• **Supplied data**:
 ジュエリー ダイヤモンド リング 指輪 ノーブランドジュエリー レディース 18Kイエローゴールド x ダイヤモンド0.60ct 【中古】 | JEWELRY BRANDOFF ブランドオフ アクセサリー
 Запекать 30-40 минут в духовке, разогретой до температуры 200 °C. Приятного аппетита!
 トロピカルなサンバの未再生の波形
==
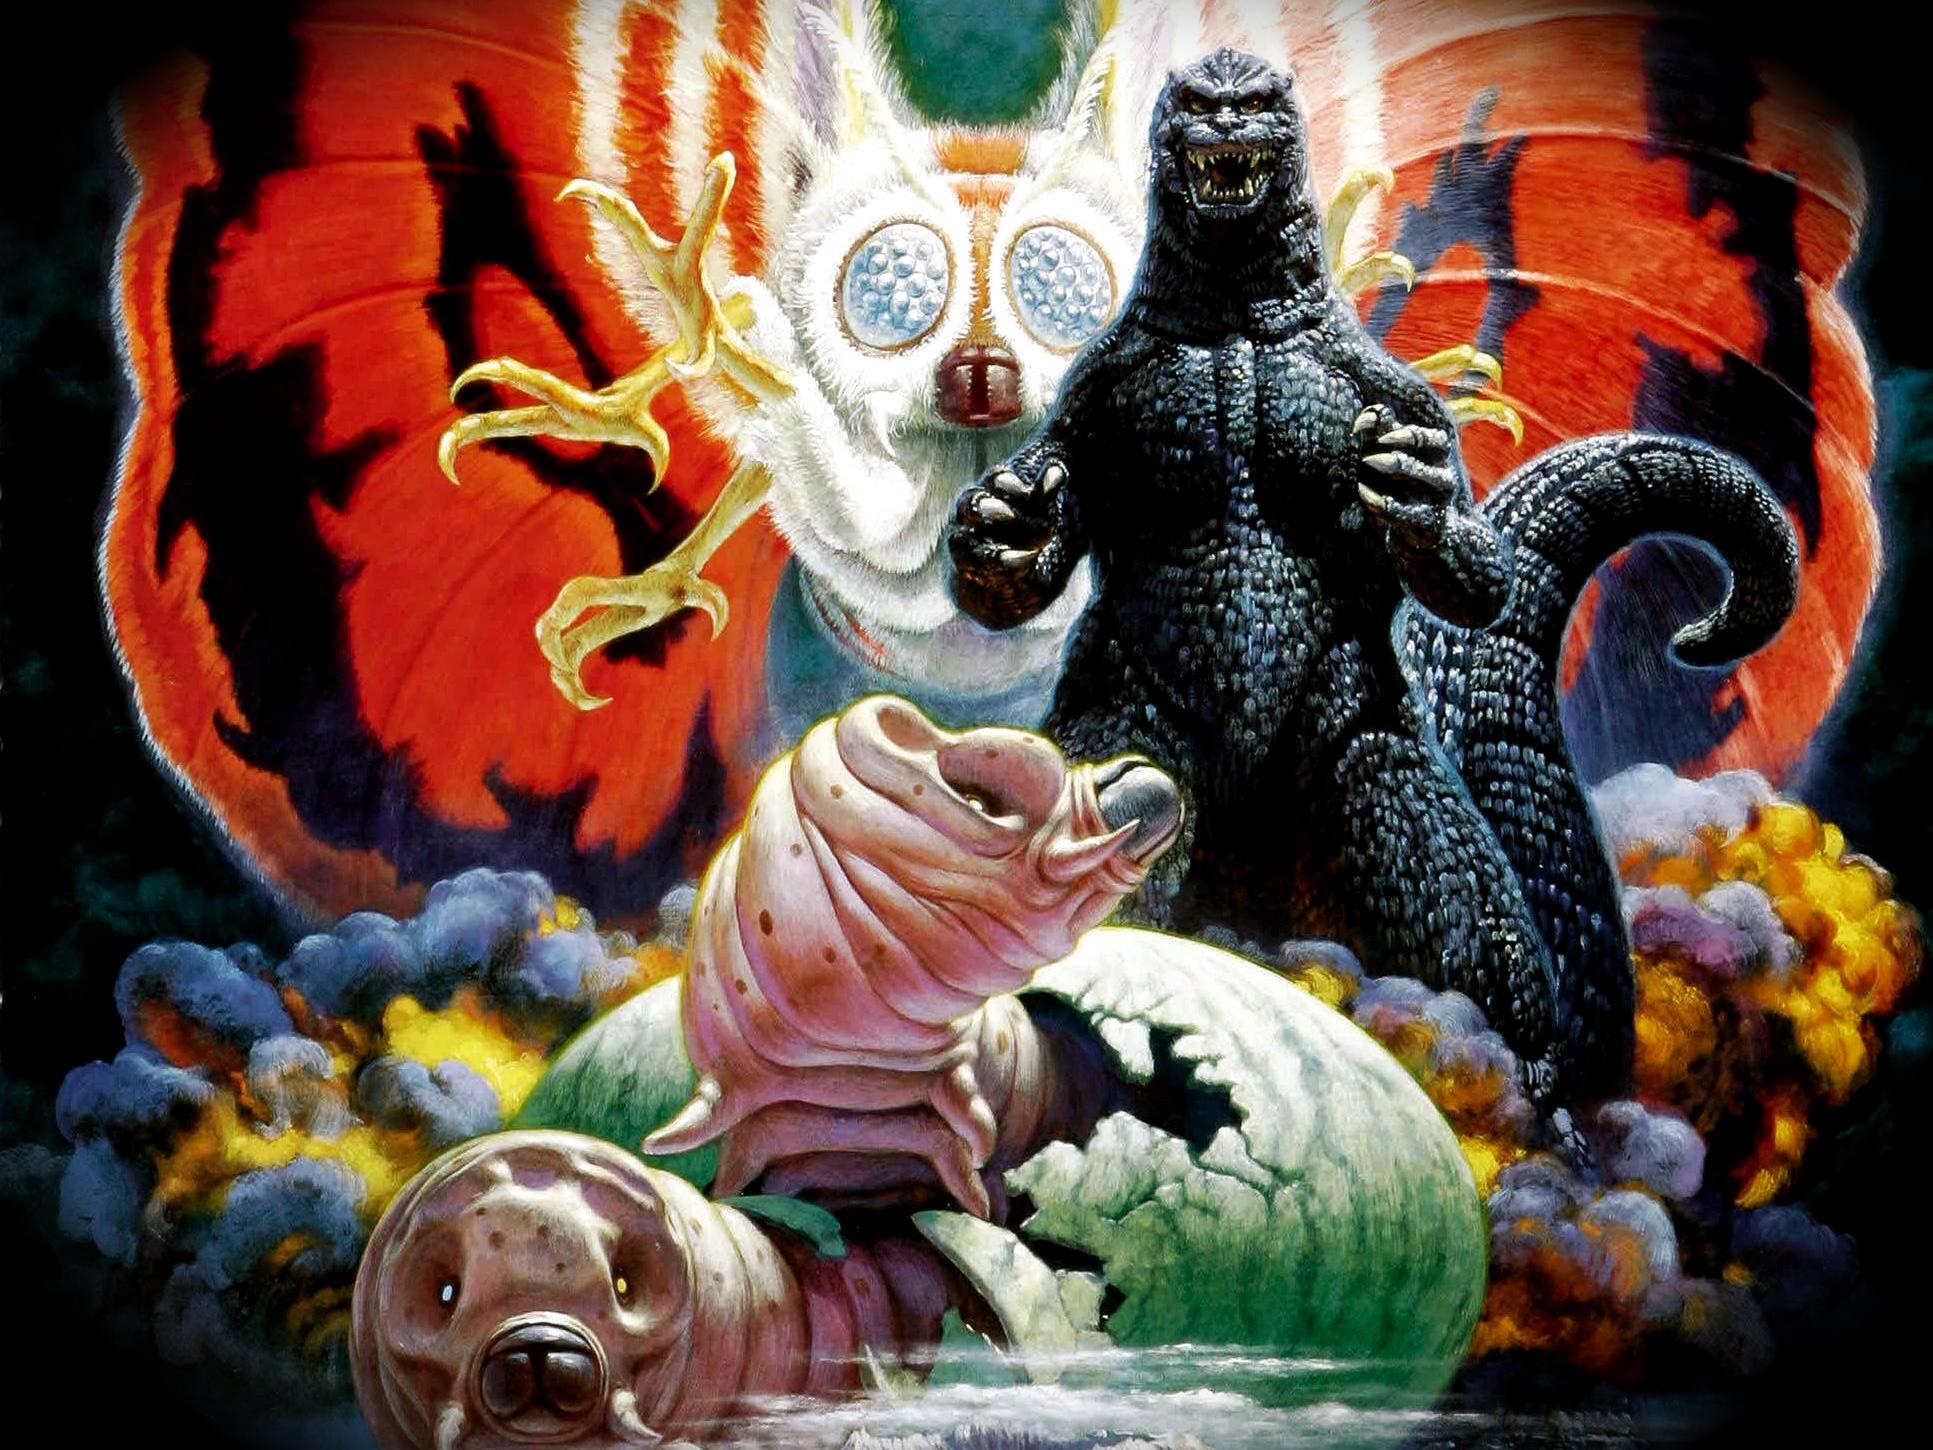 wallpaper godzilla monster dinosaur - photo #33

• **Instructions for the task**: The exact lines of the material above starting at the one that contains "Запекать 30-40 минут" and ending at the one that contains "トロピカルなサンバの未再生の波形" are what to retype; leave out everything else.

• **Response box**:
 Запекать 30-40 минут в духовке, разогретой до температуры 200 °C. Приятного аппетита!
 トロピカルなサンバの未再生の波形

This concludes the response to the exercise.